NixOS / nixops-aws

GNU Lesser General Public License v3.0
52 stars 39 forks source link

nixops destroy frequently fails #58

Open andy-dean opened 6 years ago

andy-dean commented 6 years ago

I occasionally get an error when running "nixops destroy" - probably 10-20% of the times I run "nixops destroy". When the error happens, I end up with a volume that is no longer attached to any EC2 instance.

Here's the command I use:

nixops destroy -d some-deploy --confirm

And here is the console output I see:

warning: are you sure you want to destroy EC2 machine ‘machine’? (y/N) y
machine> destroying EC2 machine... [shutting-down] [shutting-down] [shutting-down] [shutting-down] Traceback (most recent call last):
  File "/nix/store/0h2c0k9mr8y5pvjd3ml30ms5rdf4kia1-nixops-1.5.1/bin/..nixops-wrapped-wrapped", line 951, in <module>
    args.op()
  File "/nix/store/0h2c0k9mr8y5pvjd3ml30ms5rdf4kia1-nixops-1.5.1/bin/..nixops-wrapped-wrapped", line 400, in op_destroy
    wipe=args.wipe)
  File "/nix/store/0h2c0k9mr8y5pvjd3ml30ms5rdf4kia1-nixops-1.5.1/lib/python2.7/site-packages/nixops/deployment.py", line 1073, in destroy_resources
    self._destroy_resources(include, exclude, wipe)
  File "/nix/store/0h2c0k9mr8y5pvjd3ml30ms5rdf4kia1-nixops-1.5.1/lib/python2.7/site-packages/nixops/deployment.py", line 1067, in _destroy_resources
    nixops.parallel.run_tasks(nr_workers=-1, tasks=self.resources.values(), worker_fun=worker)
  File "/nix/store/0h2c0k9mr8y5pvjd3ml30ms5rdf4kia1-nixops-1.5.1/lib/python2.7/site-packages/nixops/parallel.py", line 41, in thread_fun
    result_queue.put((worker_fun(t), None))
  File "/nix/store/0h2c0k9mr8y5pvjd3ml30ms5rdf4kia1-nixops-1.5.1/lib/python2.7/site-packages/nixops/deployment.py", line 1060, in worker
    if m.destroy(wipe=wipe): self.delete_resource(m)
  File "/nix/store/0h2c0k9mr8y5pvjd3ml30ms5rdf4kia1-nixops-1.5.1/lib/python2.7/site-packages/nixops/backends/ec2.py", line 1257, in destroy
    instance = self._get_instance(update=True)
  File "/nix/store/0h2c0k9mr8y5pvjd3ml30ms5rdf4kia1-nixops-1.5.1/lib/python2.7/site-packages/nixops/backends/ec2.py", line 285, in _get_instance
    assert instance_id
AssertionError
coretemp commented 6 years ago

From what I can see, self.vm_id is probably None causing the assertion to fail. The root cause of the issue is that there is no documentation for vm_id. Additionally, it appears that nixops assumes that AWS APIs return an answer every single time, which is not the case.

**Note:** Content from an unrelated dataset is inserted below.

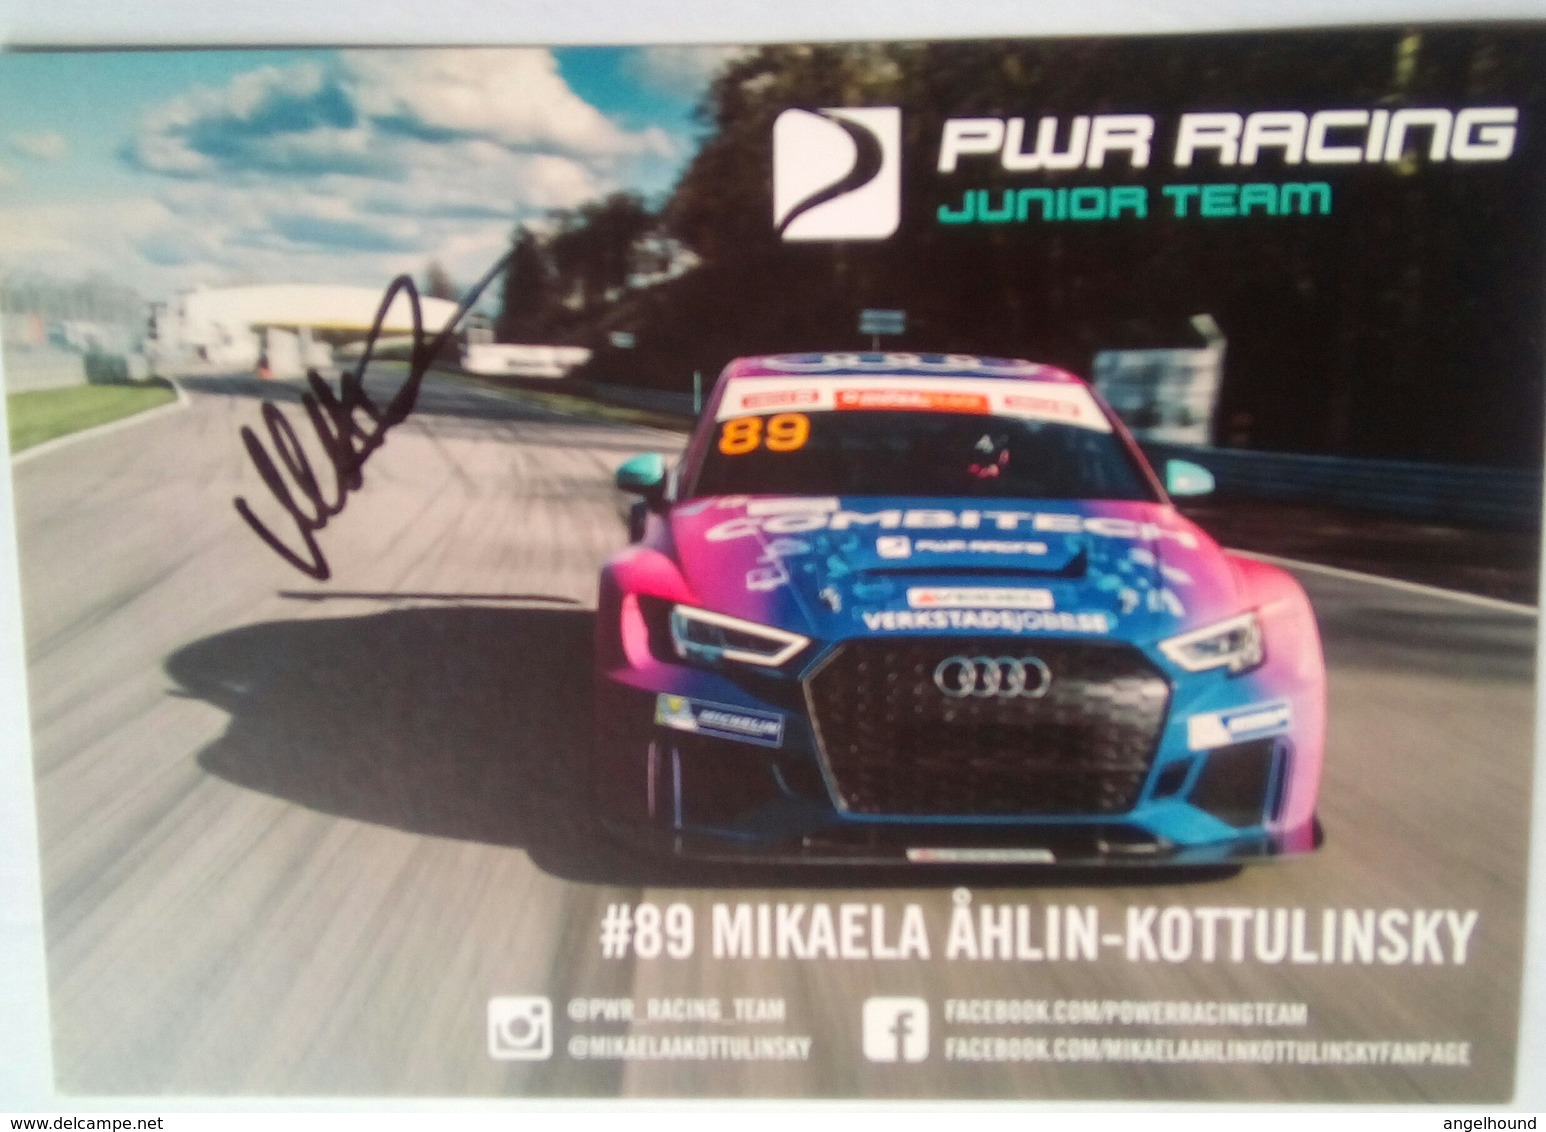 Mikaaela Ahlin Kottulinsky Signed Card - Autogramme

If the size of your nixops deployment grows towards thousands of machines, the probability of a failed deployment will go to 1.

AWS APIs are rate limited, but there is nothing in nixops that tries to cope with failure. The automation in nixops seems to be limited currently, because of its many failure modes.